YOUR ASSIGNMENT: In this exercise, write out the data word for word and leave every image out.

RECORDED INFORMATION:
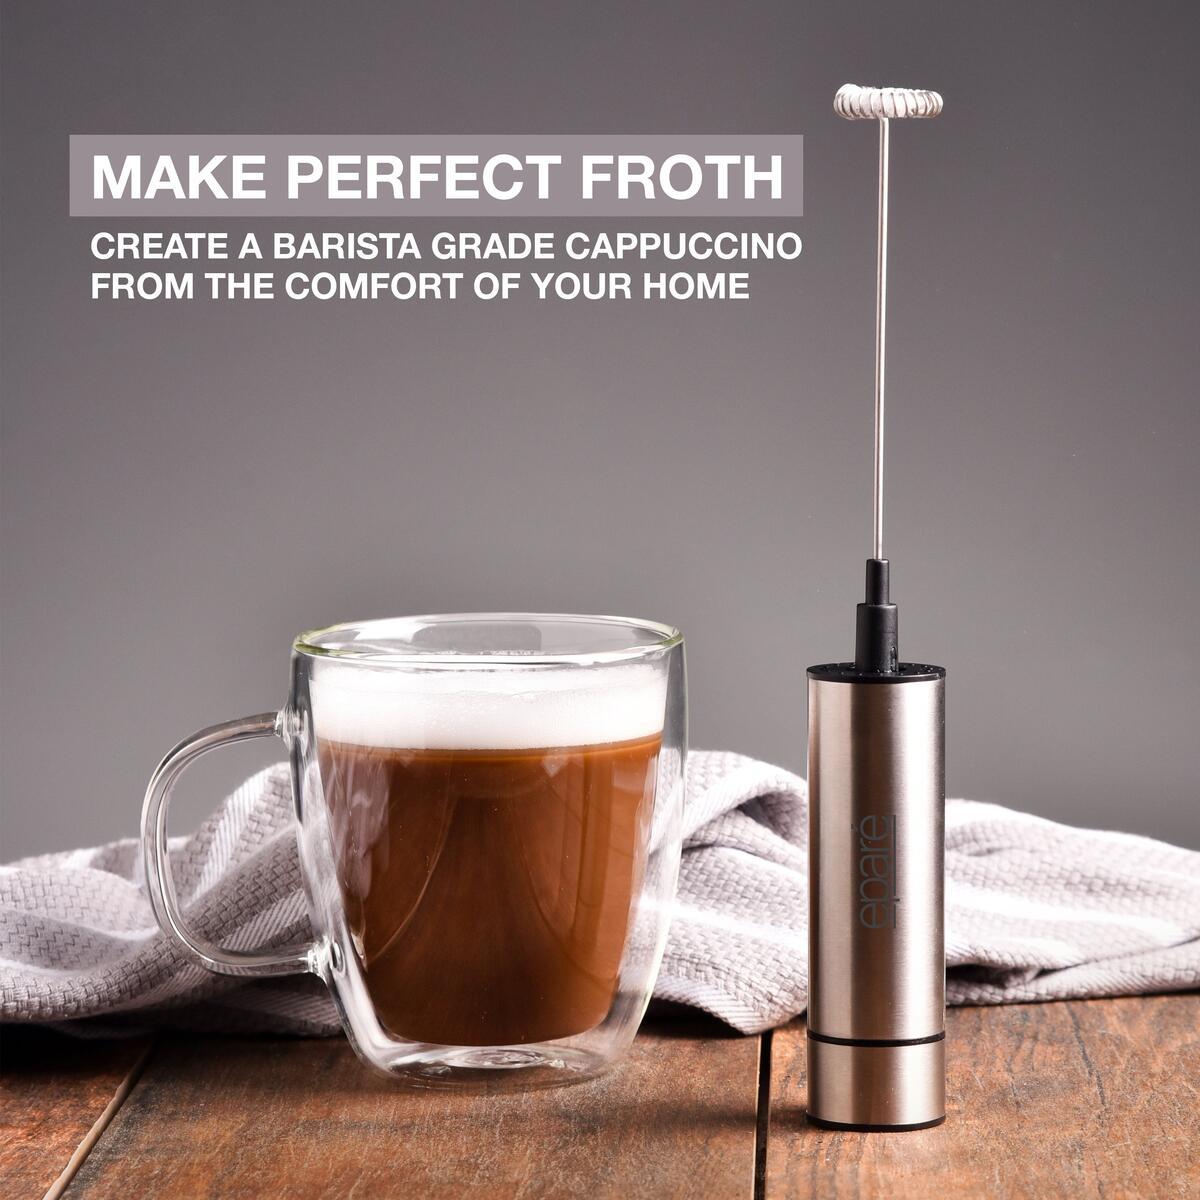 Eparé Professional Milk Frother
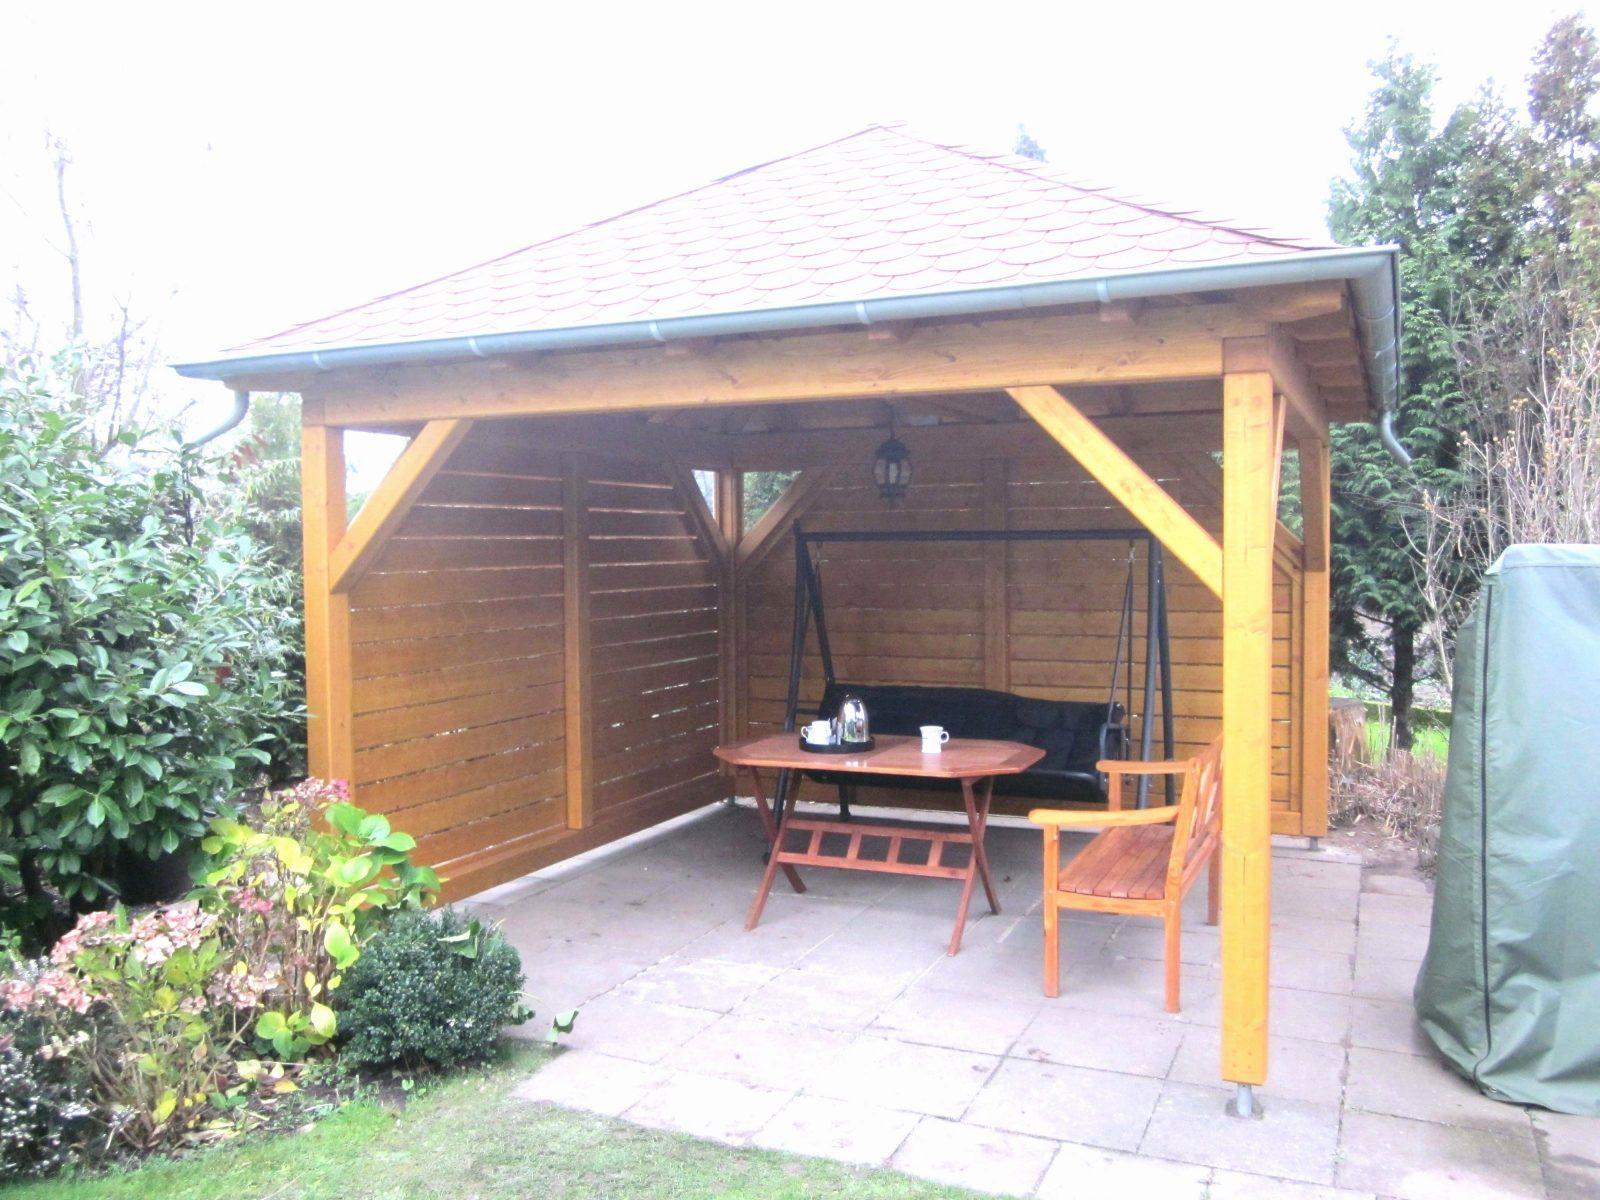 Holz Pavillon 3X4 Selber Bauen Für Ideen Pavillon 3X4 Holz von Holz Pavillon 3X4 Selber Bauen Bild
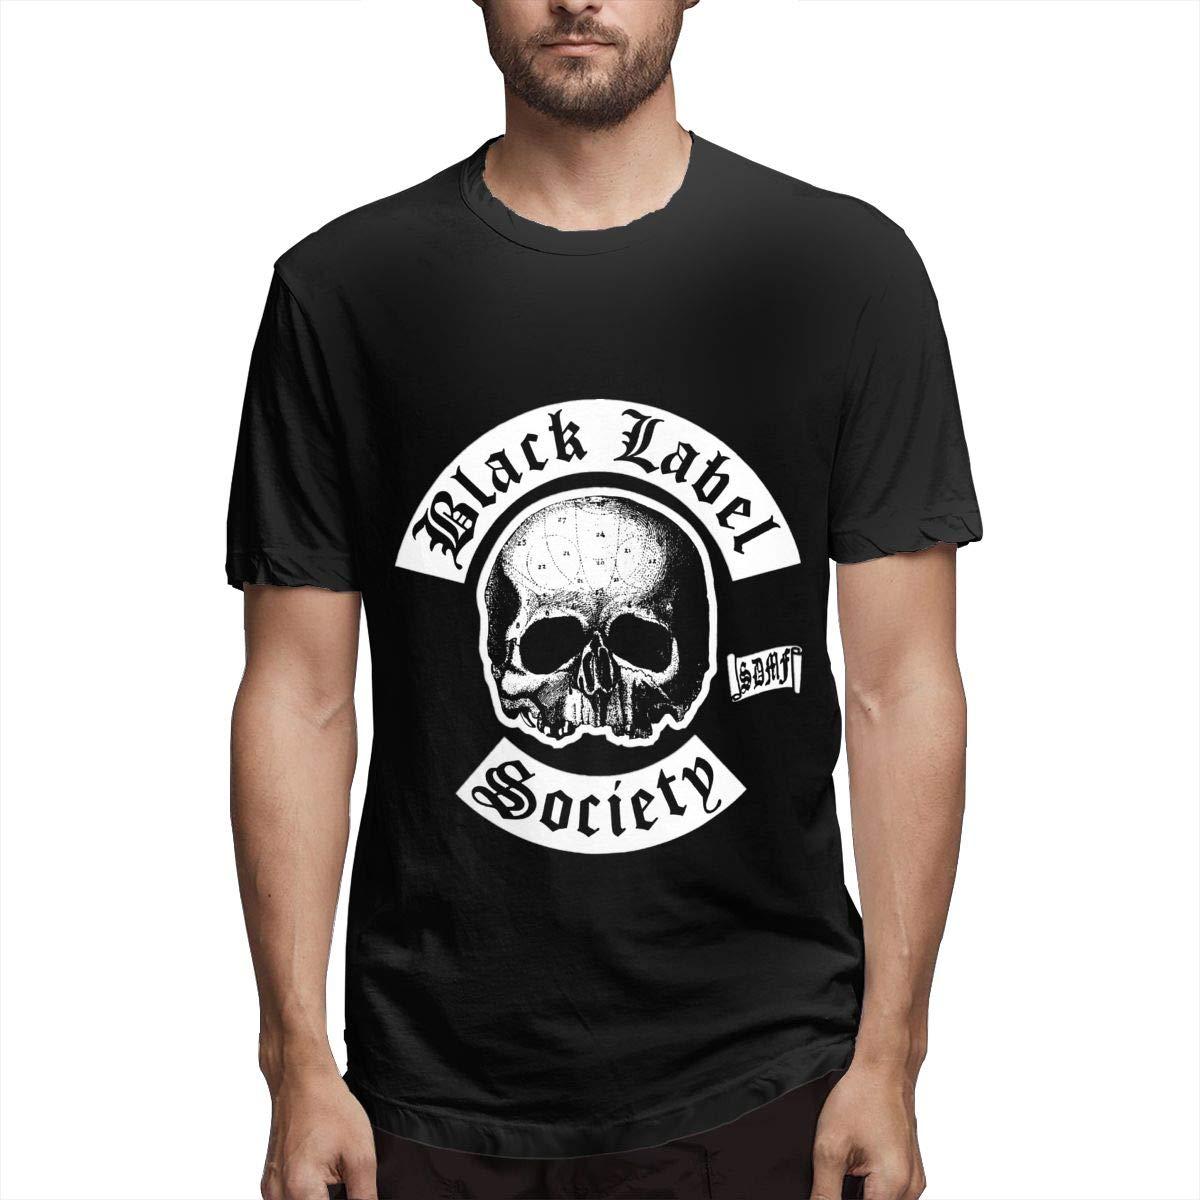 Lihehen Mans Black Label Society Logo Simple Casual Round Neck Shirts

TASK SOLUTION:
 Eparé Professional Milk Frother
 Holz Pavillon 3X4 Selber Bauen Für Ideen Pavillon 3X4 Holz von Holz Pavillon 3X4 Selber Bauen Bild
 Lihehen Mans Black Label Society Logo Simple Casual Round Neck Shirts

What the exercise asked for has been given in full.